You can go into that directory to see the files that you
have on your web site at the moment.
– There should be two files
• empty.html
• validated.html
public_html
• Imagine you are user user and you have a file
file in public_html.
• The web server will map requests to
http://wotan.liu.edu/~user/file to show the file
public_html/file.
• Here user stands for your user id, and file is the
file name, and “/” is the directory separator.
• If file ends with “.html” or “.htm” the web browser
will be told that the file is a HTML file. It will be
rendered accordingly by the browser.
index.html
• The web server on wotan will map requests to
http://wotan.liu.edu/~user to show the file
public_html/index.html
• If this file is not there, the server will prepare a
HTML document from the list of files that it finds
in the directory and send it to the user agent.
• Once you have a file index.html, the web user
can no longer see the individual files in your
directory.
HTML and XHTML
• HTML is the hypertext markup language
• HTML is a markup language that is widely used
on the Web.
• The latest, and probably last version of HTML is
at http://www.w3.org/TR/html4/
• The W3C, the standard making body for the
Web, have issued XHTML, a replacement of
HTML that is compatible with XML.
• We will work with XHTML.
SGML HTML XML
• You will probably have come across these terms.
• SGML was developed first. HTML and XML are
developed from SGML in different ways.
– HTML is an SGML DTD.
– XML is an SGML application.
• One common thing here is the ML. It stands for
Markup Language.
• Markup is everything in a document that is not
content.
procedural/descriptive
• Markup can be given in two ways
• 1: Procedural
– Codes identify point size, style, font, etc.

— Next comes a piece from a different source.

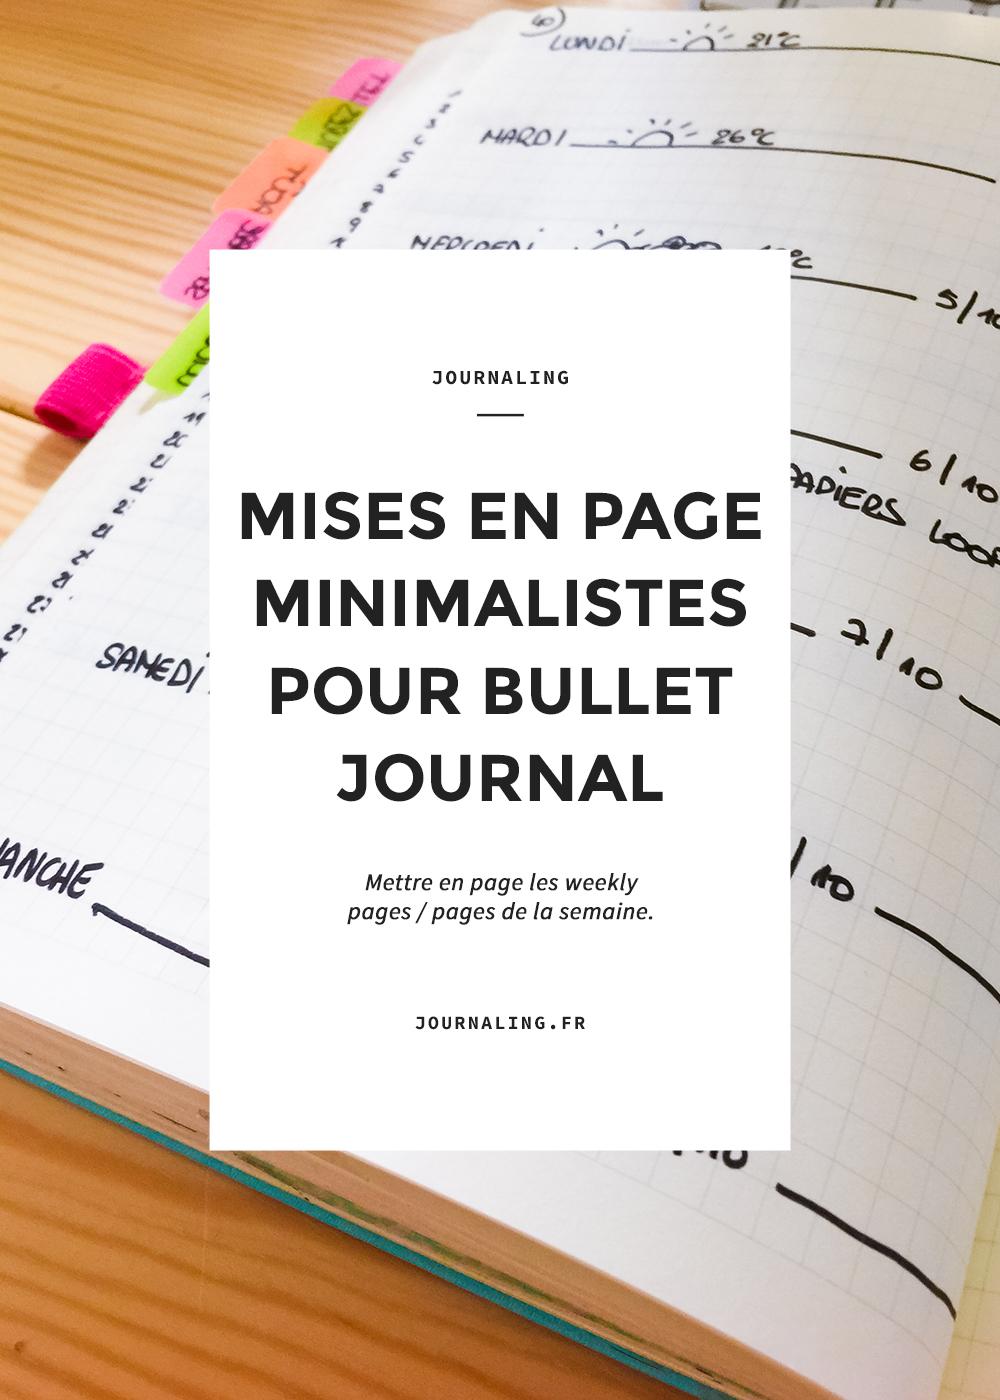 Bullet Journal minimaliste: 4 idées pour présenter votre semaine + tips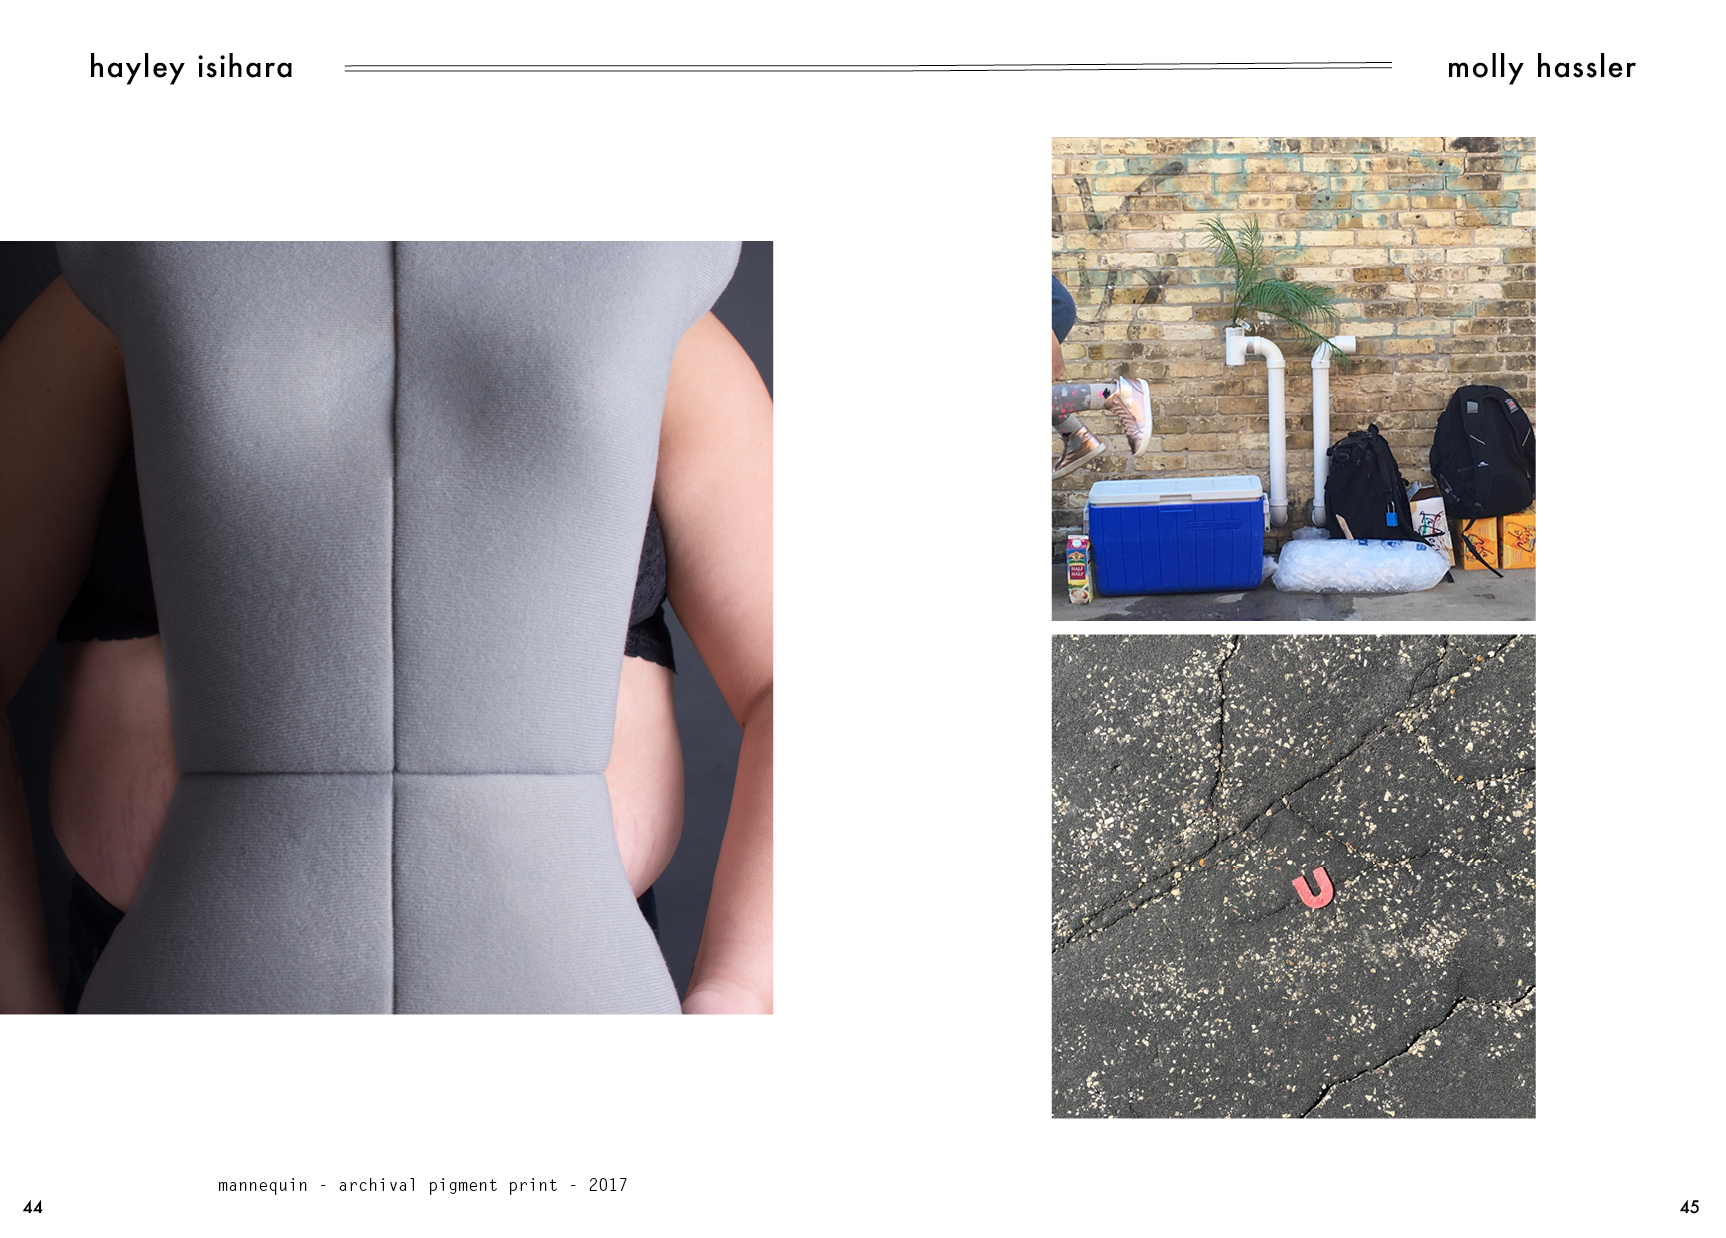 duomo-5-website26.png

– Usually only understood by defining tool
– Example: Microsoft Word
• 2: Descriptive
– Describes purpose of text within the document
– Chapter head, Paragraph, Section Head, TOC
– Structure and Style are kept separate
– Example: LaTeX, SGML
SGML
• Standard Generalized Markup Language
• Descriptive approach with three separate layers
– structure: types of information in document
– content: the information itself
– style: defines how to typeset the document
• Developed for the publishing industry by a group
of consultants.
• So complicated that no software implements it
fully.
• But an important idea that remains of it is the
document type definition.
Document Type Definition (DTD)
• The DTD is a non-SGML language that describes
SGML document types
• Describes information the document handles, e.g.
– title
– chapter
• Relationships between fields e.g.
– a chapter contains sections
– a title comes at the top of the document
XML
• Since SGML is so complicated, it is not good for
use on the Web.
• So the W3C has issued XML, the eXtensible
markup language.
• Every XML document is SGML, but not the
opposite.
• Thus XML is like SGML but with many features
removed.
• XML defines the syntax that we will use in the
course. We have to study that syntax in some
detail.
XML elements
• XML is based on elements. There are basically
three ways of writing an element.
• The first way is write <element/>.
• Here element is the name of the element.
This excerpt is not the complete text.